Y al hablar de Delfines del Este, lejos de minimizarlo, lo elogió: explicó que han seguido un modelo parecido al de Cibao —primero formación, luego cosecha— y por eso hoy compiten con futbolistas formados en casa.

Cantera como respuesta: cuando las lesiones no te rompen el proyecto

Xavier puso sobre la mesa las dificultades: lesión grave de Juan David Díaz, salida de Carlos Ventura, extranjeros sin el rendimiento esperado.

Scheldeur respondió con lo que define su modelo: la cantera.

Aseguró que hoy tienen tres juveniles formados en el club con más de 1500 minutos en el primer equipo. Nombres que no solo “completan”: compiten.
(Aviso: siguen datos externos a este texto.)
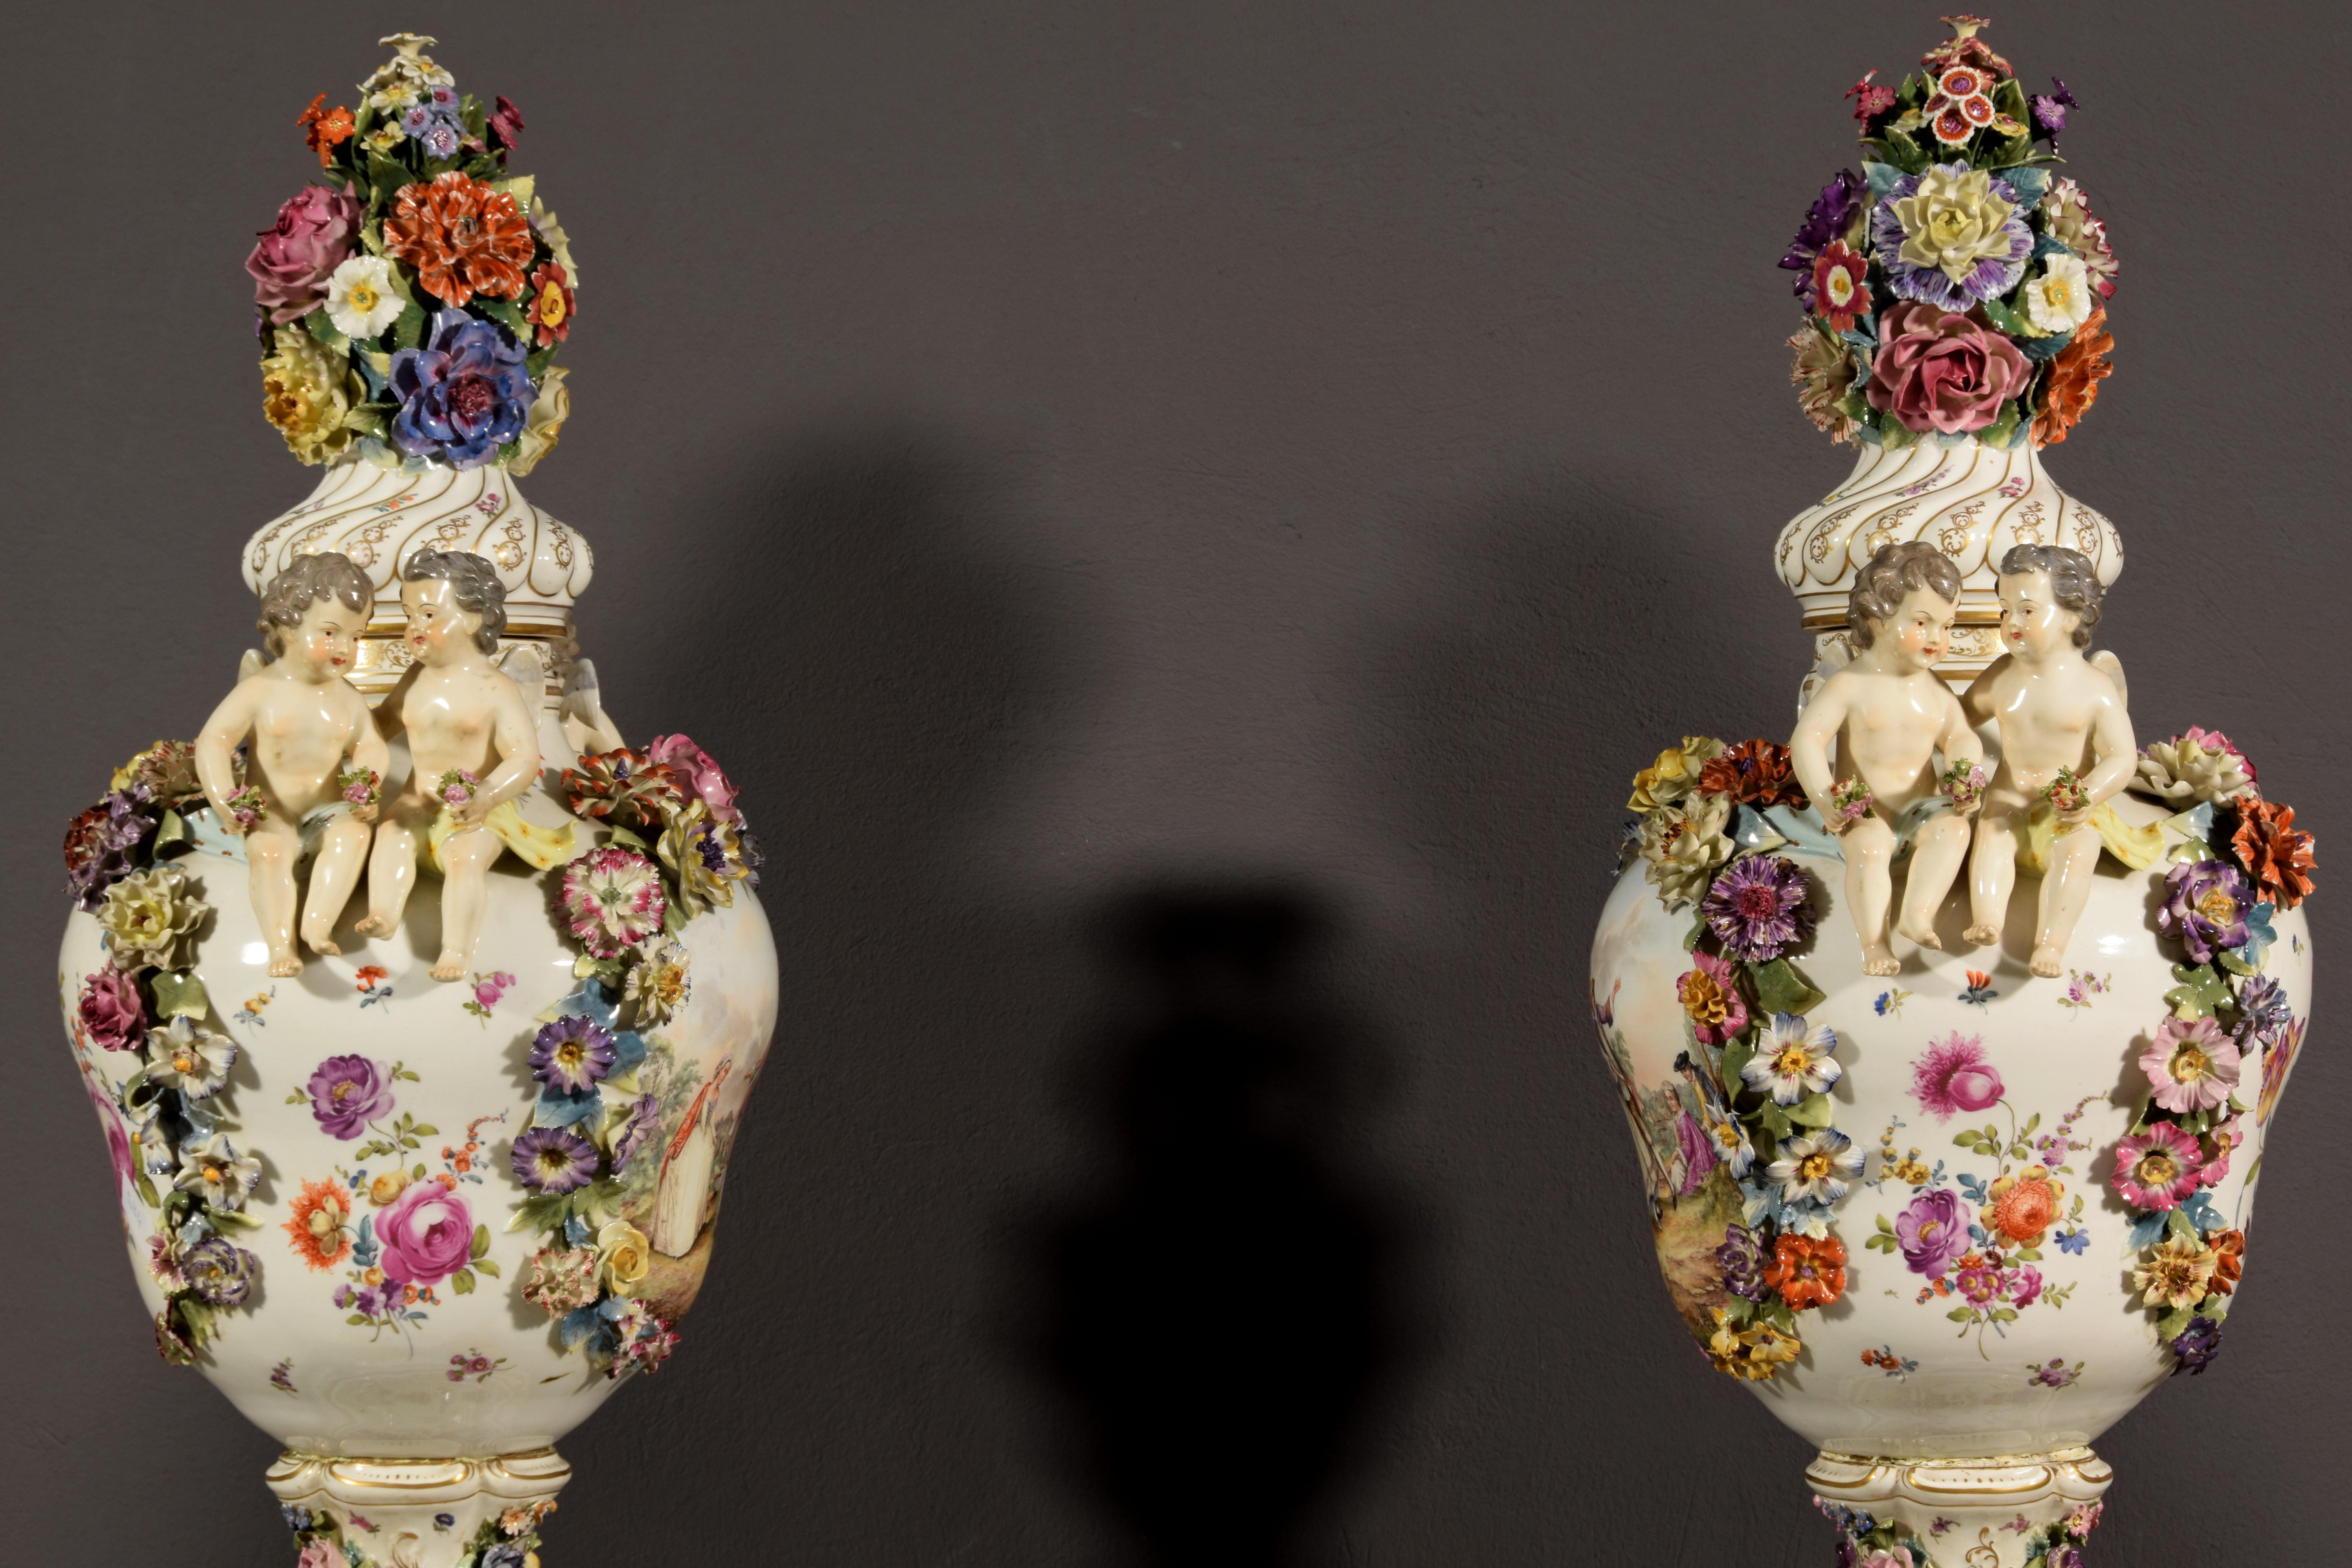 19th Century Pair of German Polychrome Porcelain Vases For Sale 10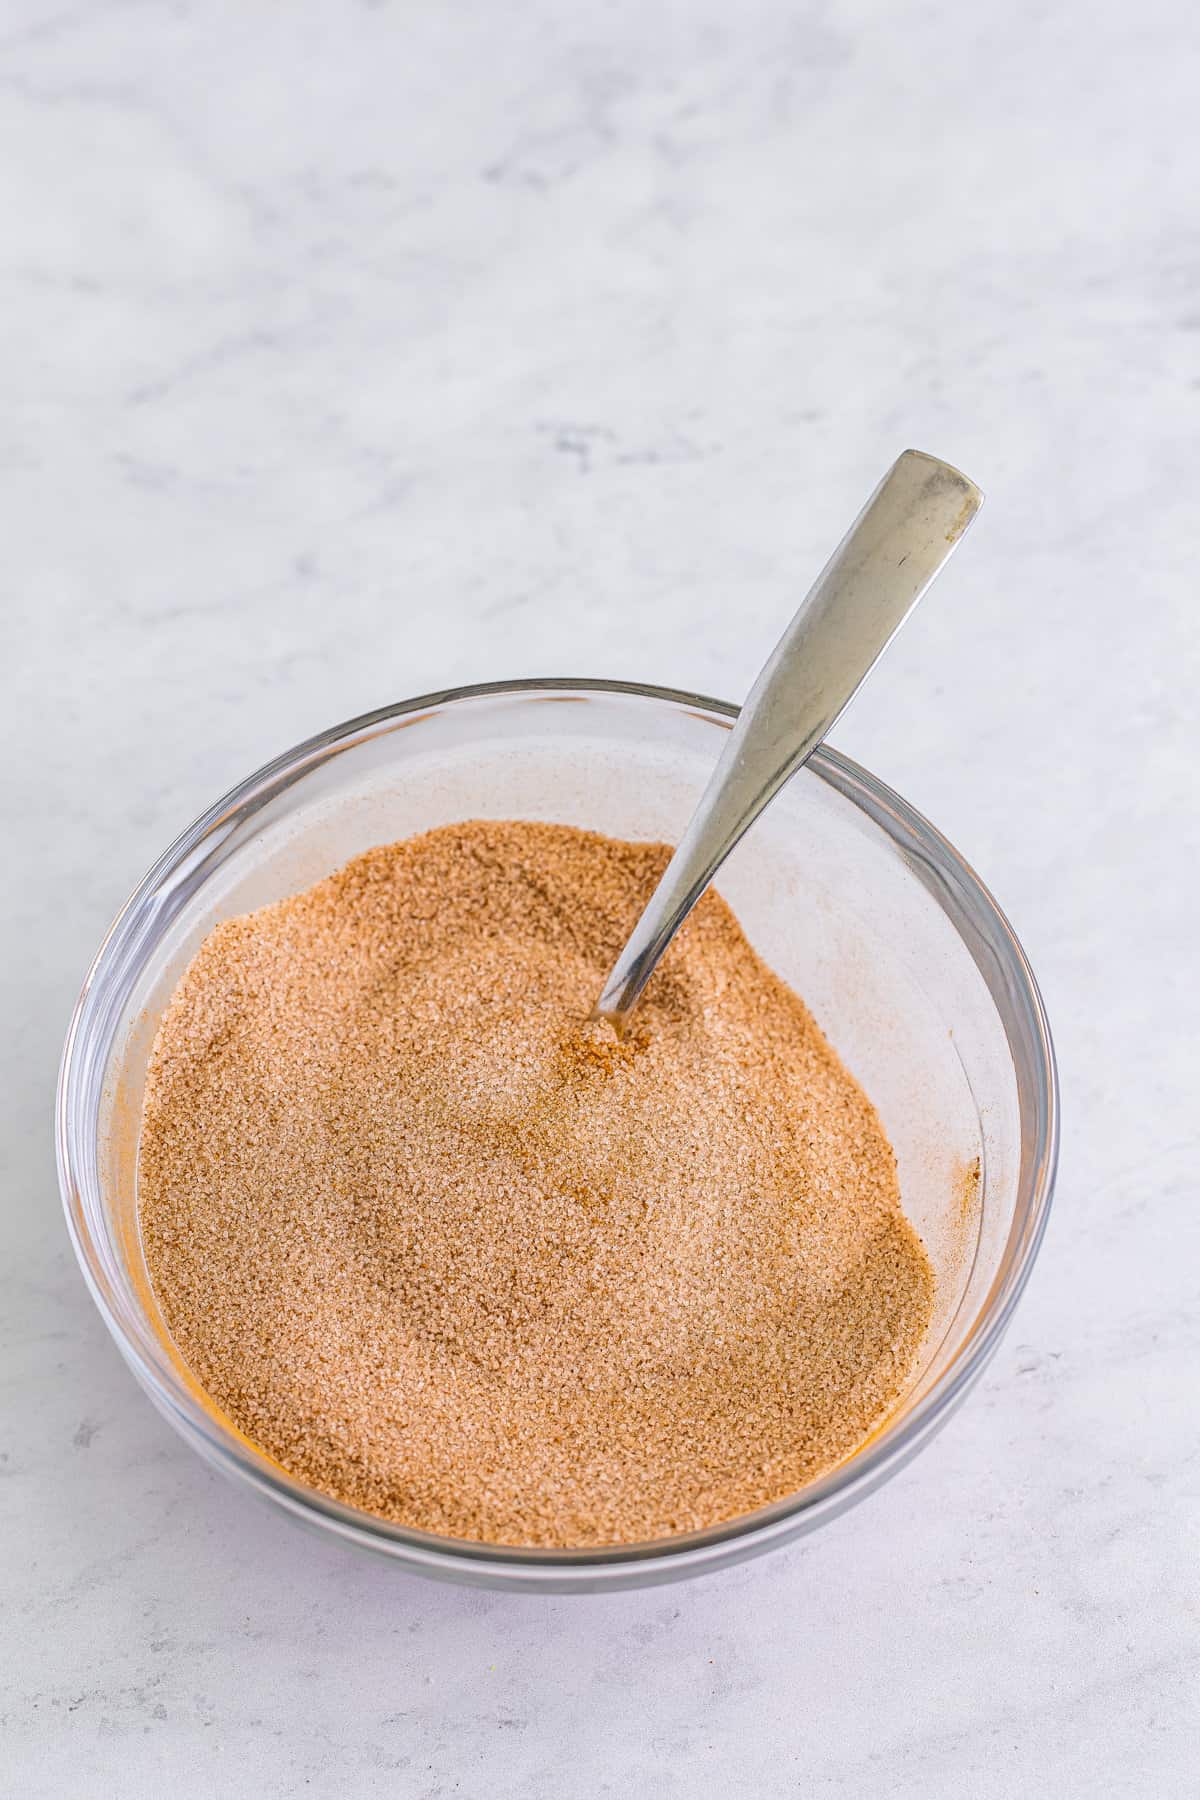 Cinnamon sugar in mixing bowl with spoon.

Uno de los ejemplos fue Miguel Muñoz, convertido en pieza importante.

La idea final fue contundente: la exigencia en Cibao no es un discurso; es una forma de vivir. “No basta con estar arriba”, vino a decir, “queremos ser el mejor equipo en cada entrenamiento y cada partido”.

Una propuesta: sentar a todos en la mesa y recuperar al público

En la entrevista se propuso algo que, si se toma en serio, podría marcar un antes y un después: una reunión real de todos los actores del fútbol dominicano para discutir cómo reactivar la asistencia.

Entre ideas surgidas:

  • Partidos de categorías menores antes del juego principal.
  • Actividades de entretiempo y concursos.
  • Mejor experiencia de estadio como “evento”.
  • Compartir buenas prácticas entre clubes.
  • Campañas para recuperar a jóvenes y exfutbolistas que dejaron de ir.
  • Aprender de plazas que sí logran convocar.

Scheldeur insistió en el concepto de responsabilidad compartida: técnicos, jugadores, clubes, liga, directivos… todos tienen una parte en la solución.

Cierre: “dolientes” del fútbol dominicano

El final tuvo un tono personal. Xavier lo resumió como una charla de amigos que viven el fútbol “en las venas”, con dolor cuando el sueño de crecimiento no avanza como debería.

Scheldeur respondió en la misma línea: son “dolientes” del fútbol dominicano, gente que invierte tiempo porque quiere verlo crecer, y valoró el rol de la prensa no solo para aplaudir, sino para dar el “tirón de orejas” que empuja a mejorar.

La esperanza compartida fue simple: volver a ver gradas llenas y el ambiente de hace pocos años.